» **PROVIDED MATERIAL**:
________

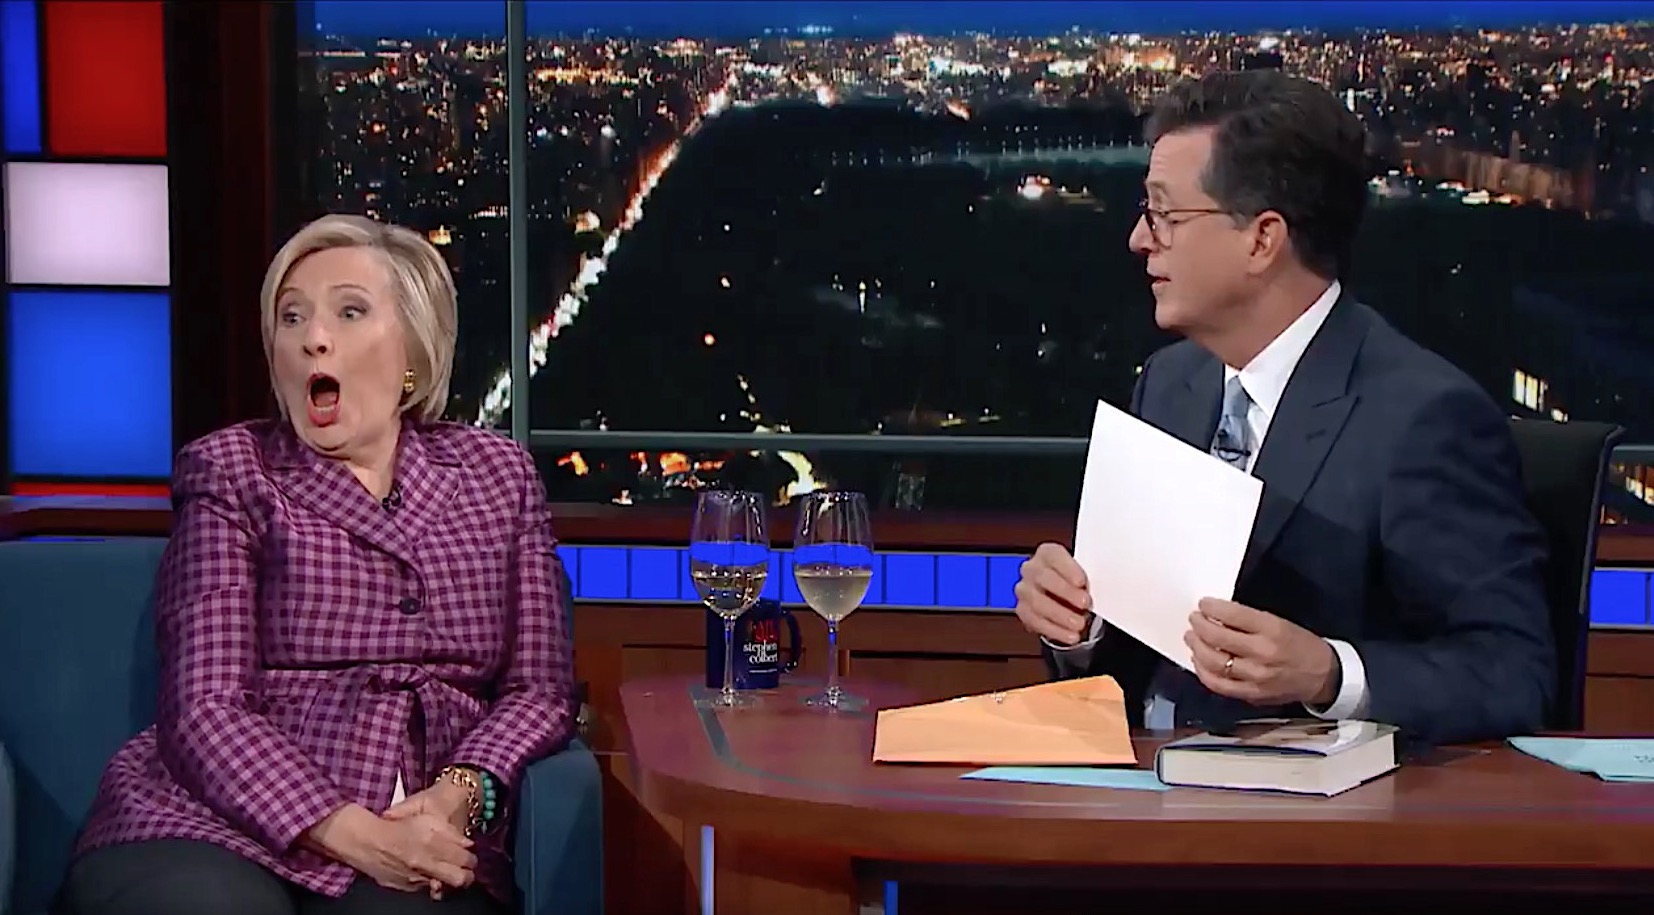 Stephen Colbert has a gift for Hillary Clinton
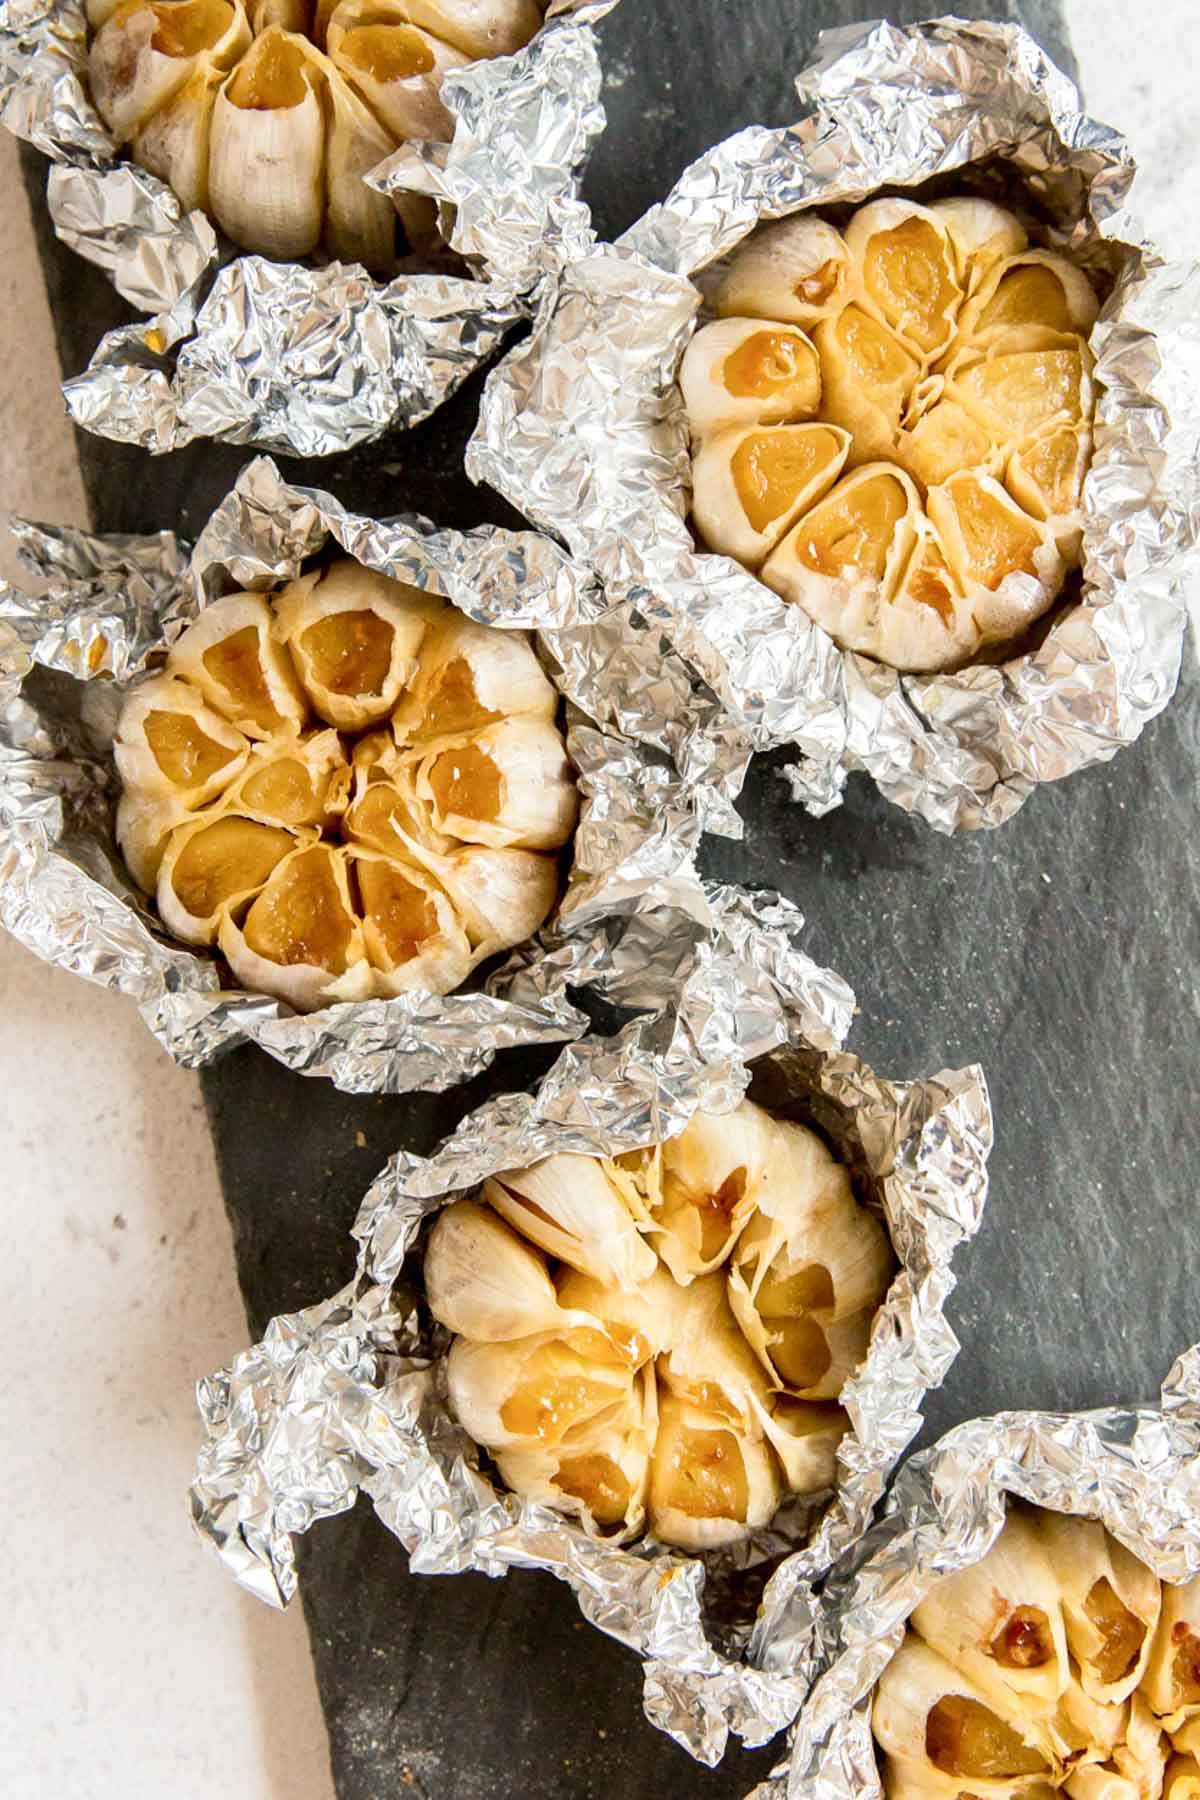 Heads of roasted garlic sitting in foil.
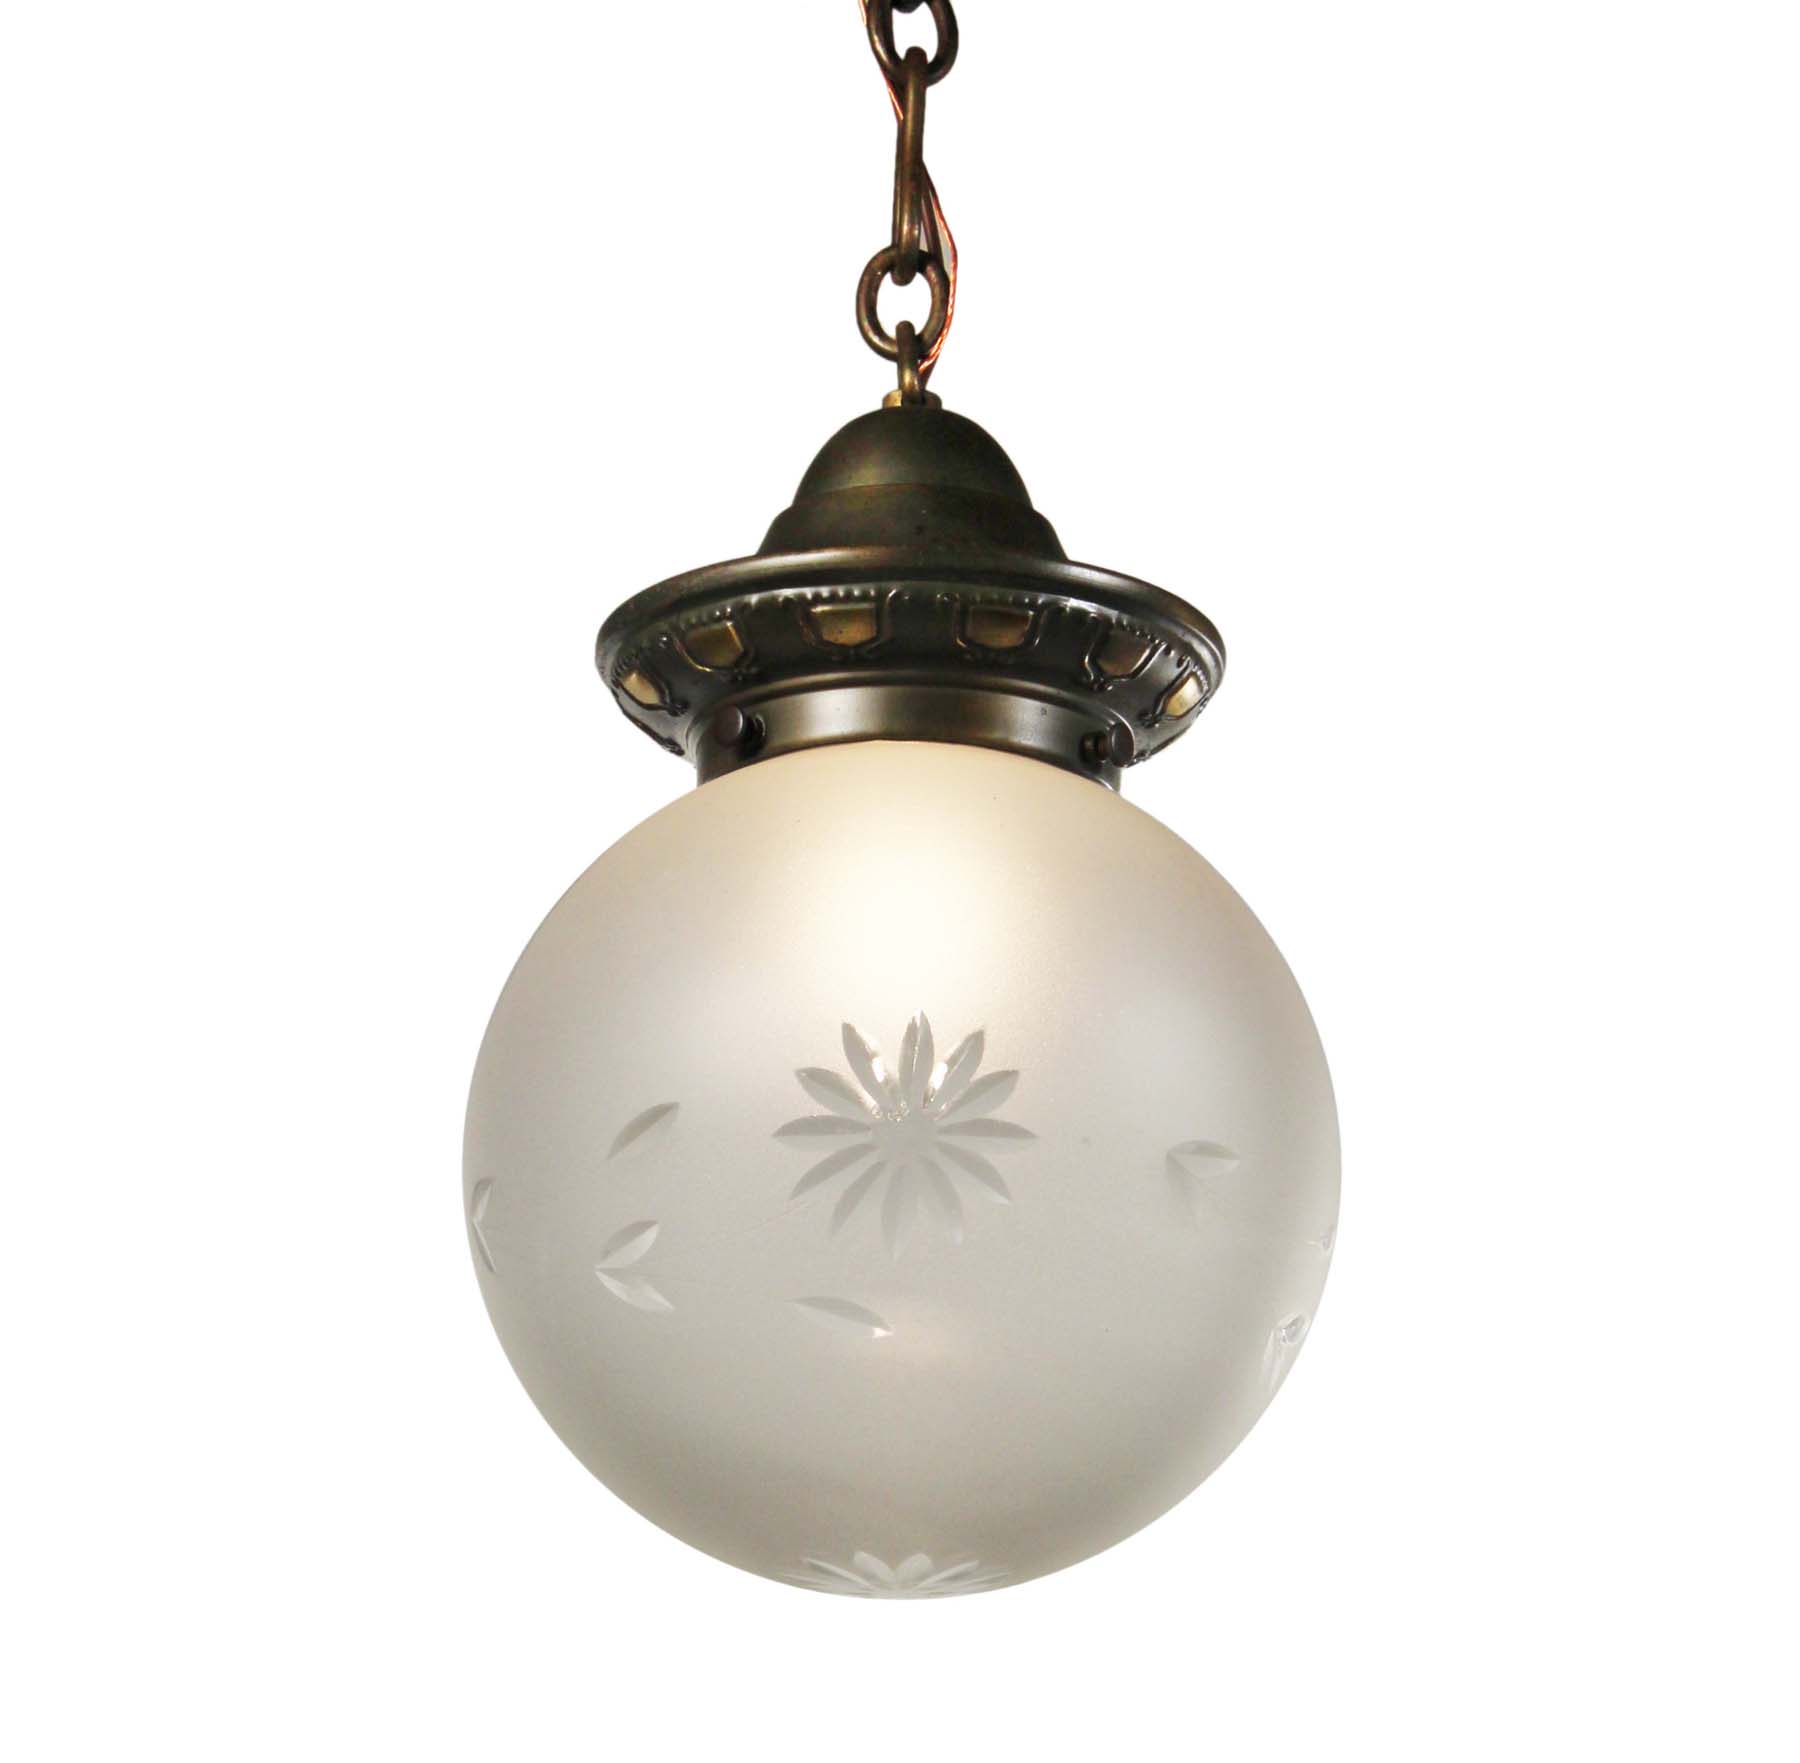 SOLD Antique Brass Pendant with Original Ball Shade, c. 1910-0
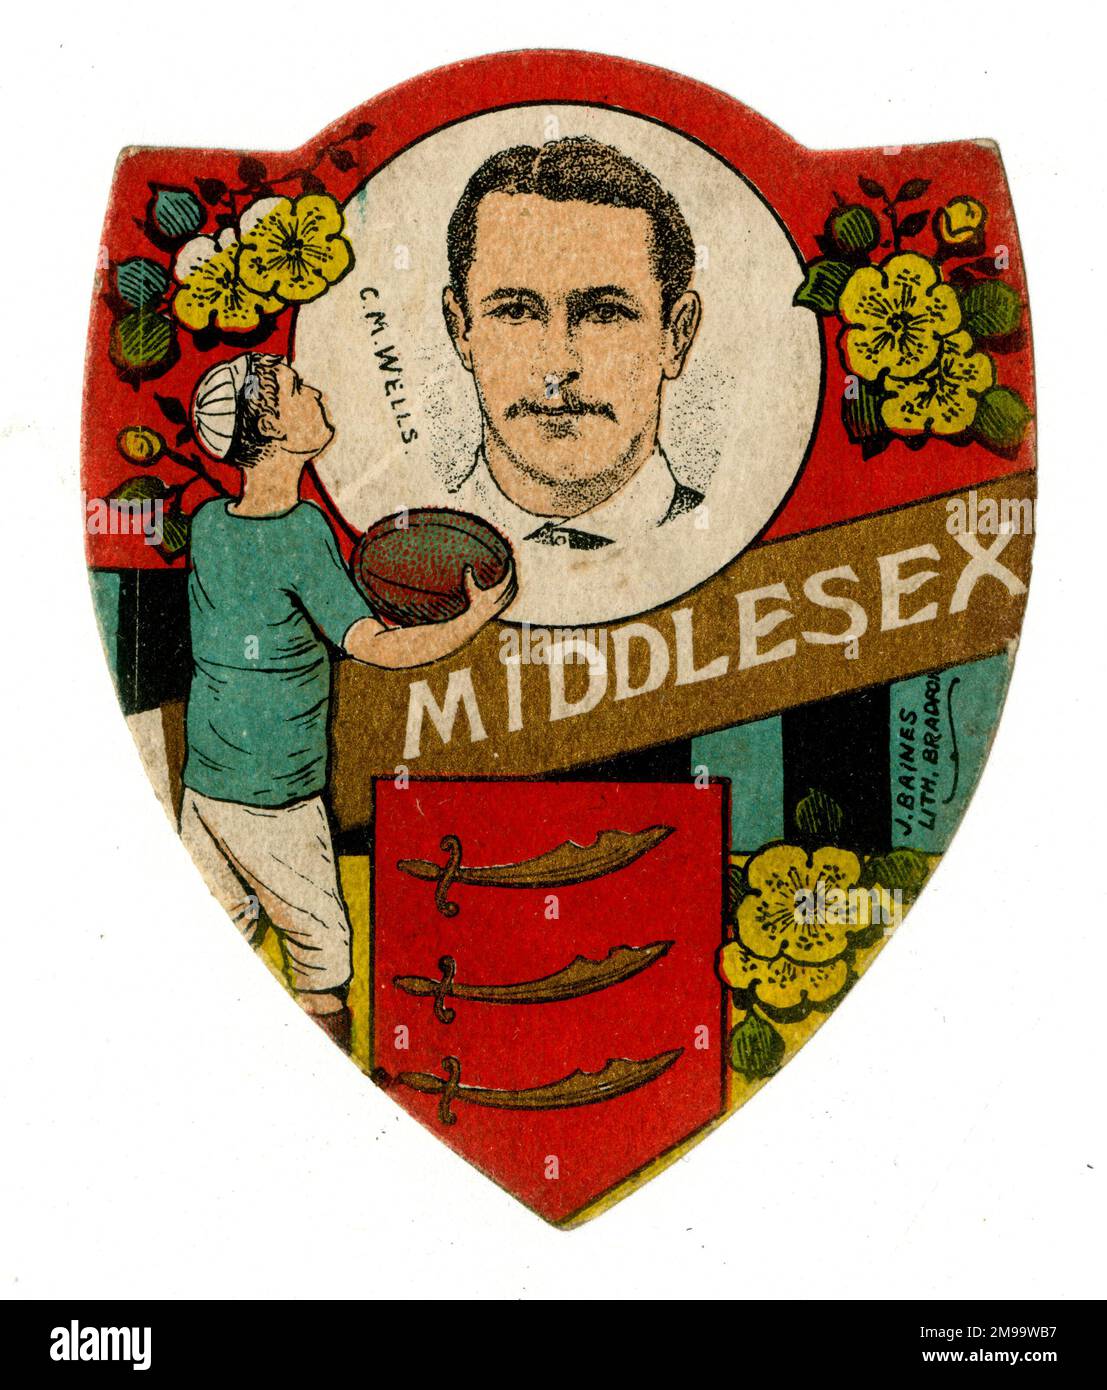 Cyril Mowbray Wells (1871-1963), Middlesex Rugby Player and first-class cricketer. Stock Photo

________

» **TASK INSTRUCTIONS**:
Leave out every picture and write out exactly the lines running from the line containing "Heads of roasted garlic sitting in foil." to the end of the listing above.

» **TASK OUTPUT**:
 Heads of roasted garlic sitting in foil.
 SOLD Antique Brass Pendant with Original Ball Shade, c. 1910-0
 Cyril Mowbray Wells (1871-1963), Middlesex Rugby Player and first-class cricketer. Stock Photo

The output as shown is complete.